Matsumoto Yamaga 松本山雅
- Full name: Matsumoto Yamaga Football Club
- Nicknames: Ptarmigans, Gans
- Founded: 1965; 61 years ago as Yamaga Club
- Stadium: Matsumoto Stadium (Alwin) Matsumoto, Nagano
- Capacity: 20,396
- Chairman: Fumiyuki Kanda
- Manager: Nobuhiro Ishizaki
- League: J3 League
- 2025: J3 League, 15th of 20
- Website: yamaga-fc.com
| Home colours | Away colours |

= Matsumoto Yamaga FC =

Japanese football club

Matsumoto Yamaga Football Club (松本山雅フットボールクラブ, Matsumoto Yamaga Futtobōru Kurabu) or simply Matsumoto Yamaga (松本山雅FC, Matsumoto Yamaga Efu Shī) is a Japanese football (soccer) club based in the city of Matsumoto, located in the Nagano Prefecture. The club currently plays in the J3 League, Japanese third tier of professional football.

==History==
The club was founded in 1965 by the players who represented Nagano Prefecture.

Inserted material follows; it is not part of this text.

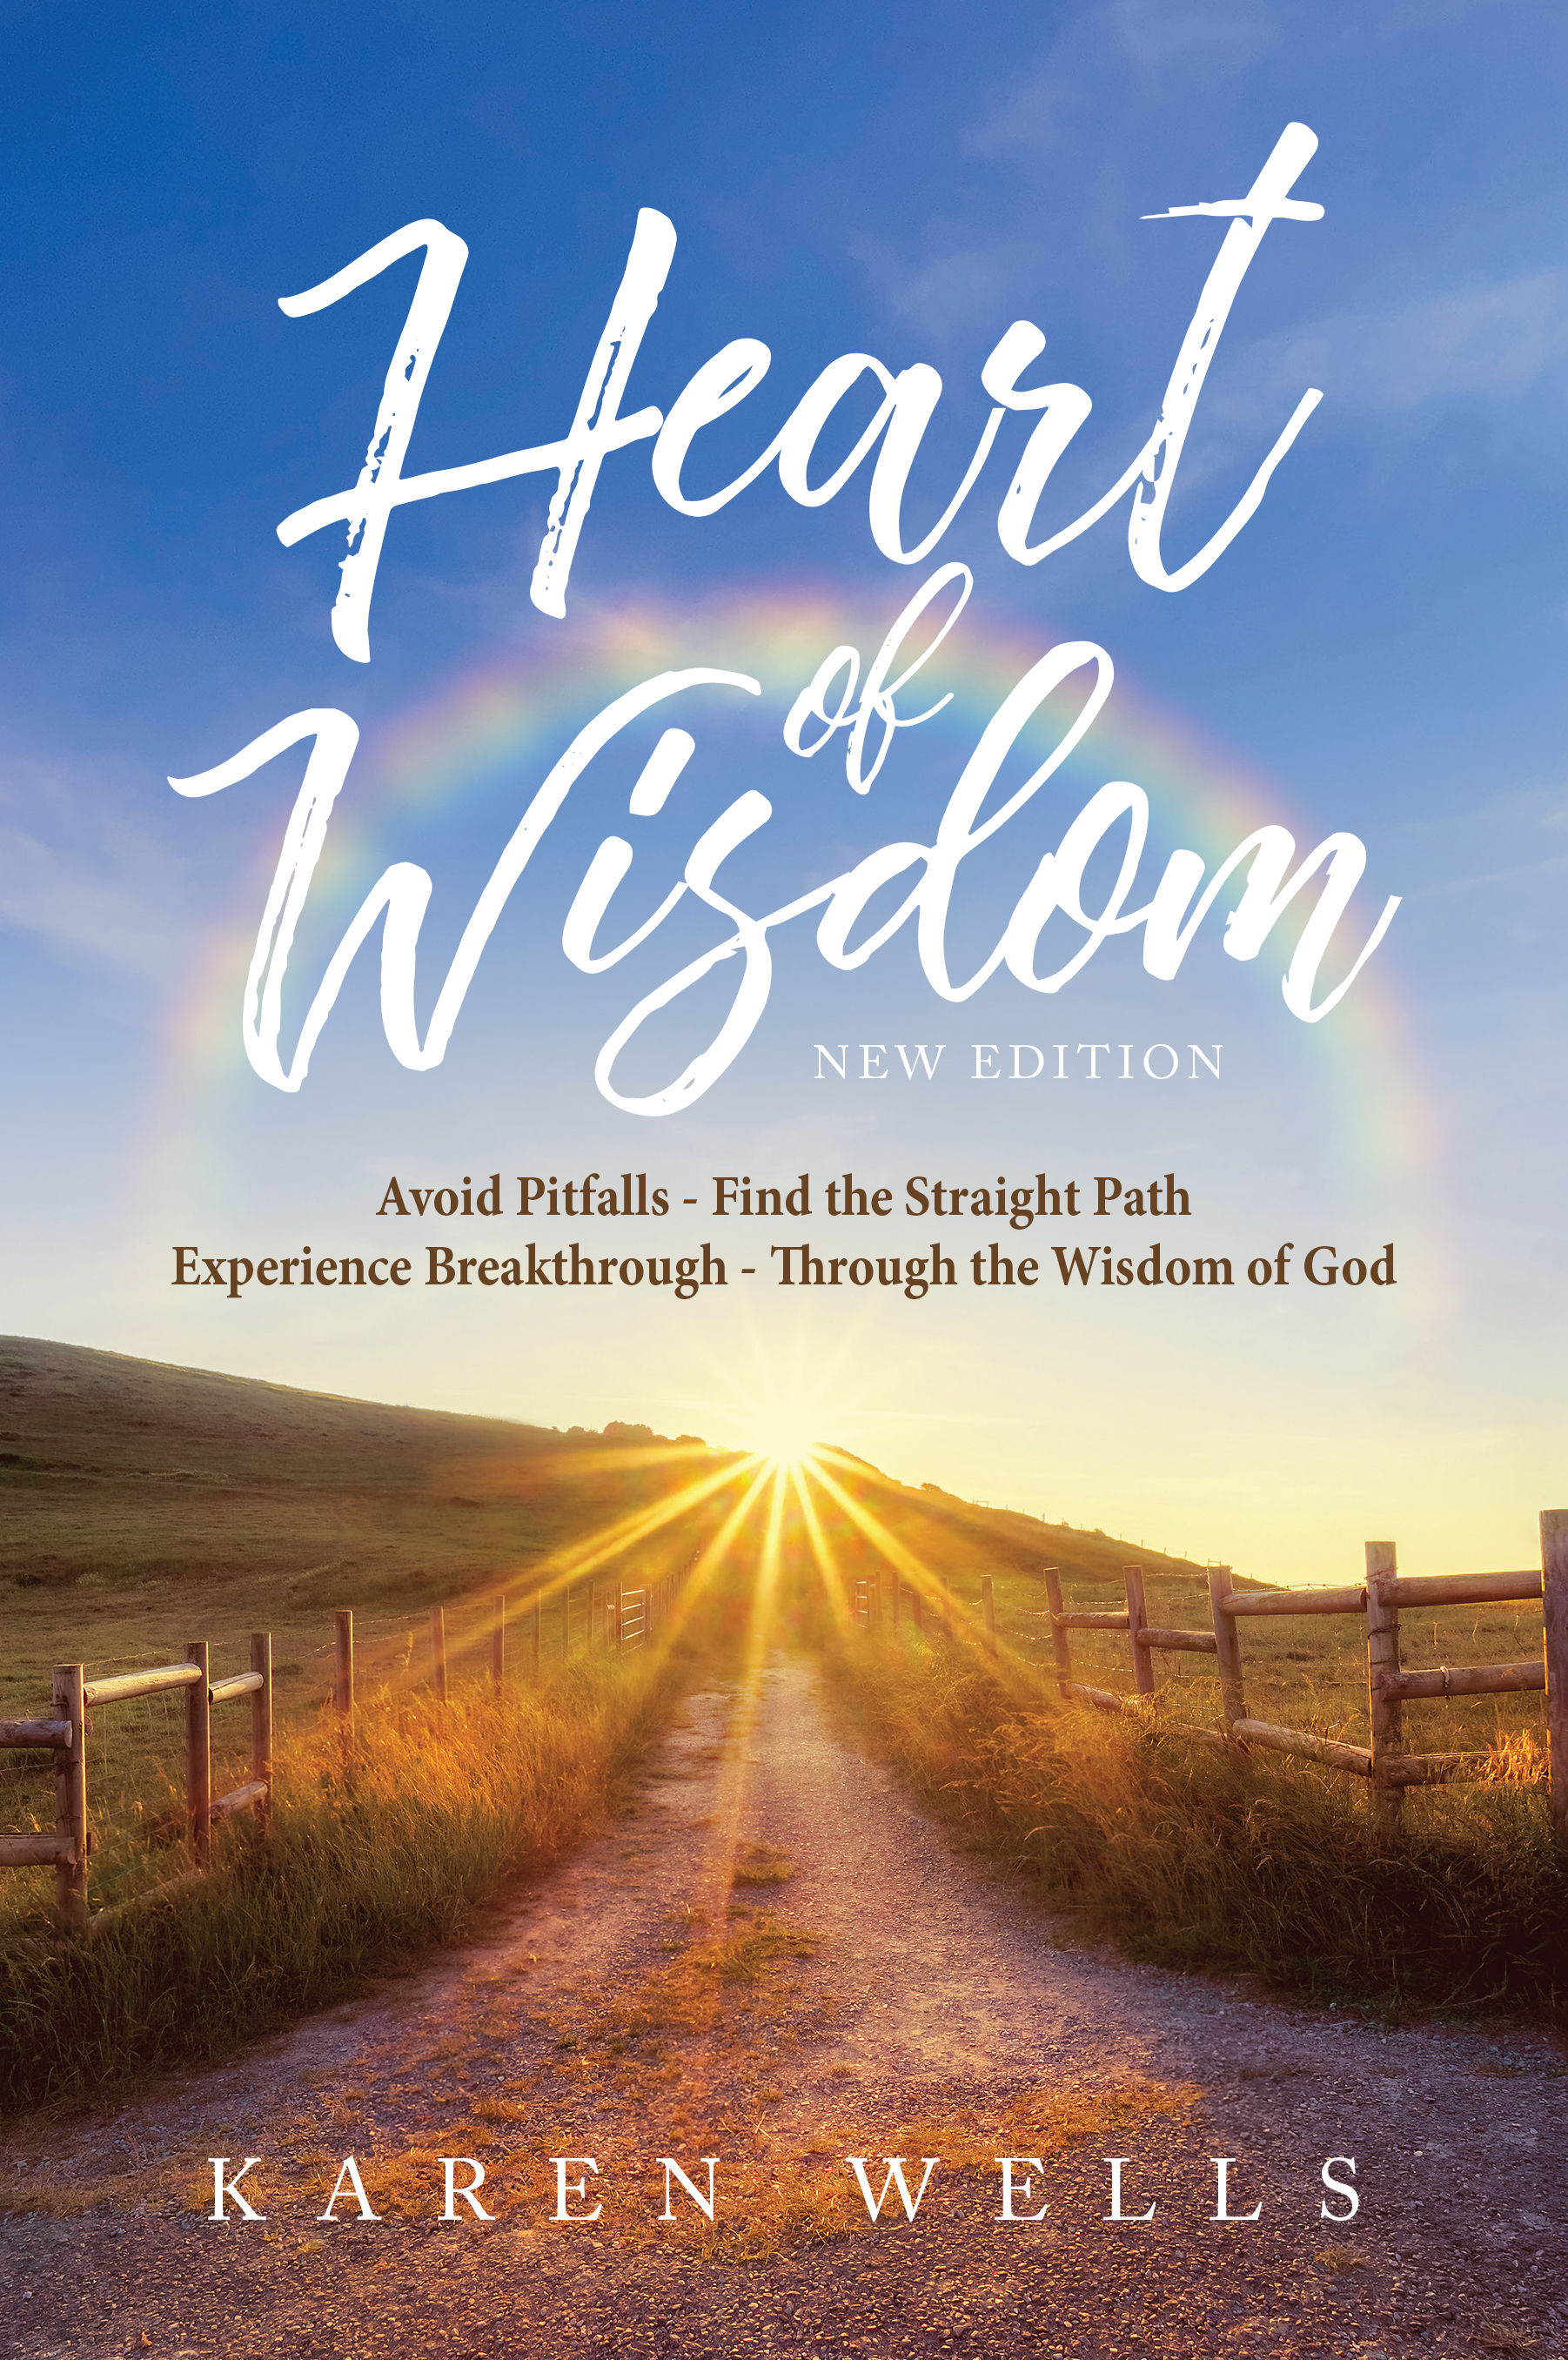 A Truthful and Life Changing Book Penned by Karen Wells

The players frequented a cafe called Yamaga in front of Matsumoto railway station and initially they were simply called Yamaga Club. In 2004, they were renamed as Matsumoto Yamaga when nonprofit organisation Alwin Sports Project were set up to support the club with the intention of promotion to J. League. The very coffee shop where they founded the club no longer exists, but the club opened a new one in 2017.

In the 2007 and 2008 season they finished respectively 1st and 4th in the Hokushin'etsu First Division, but failed to gain the promotion to the Japan Football League as they exited at the group stage of the Regional League promotion series against other regional champions. 2008 also brought a crucial Emperor's Cup run, where they defeated former Japanese champions Shonan Bellmare in the third round by penalty kicks, only to be eliminated 8–0 by Vissel Kobe.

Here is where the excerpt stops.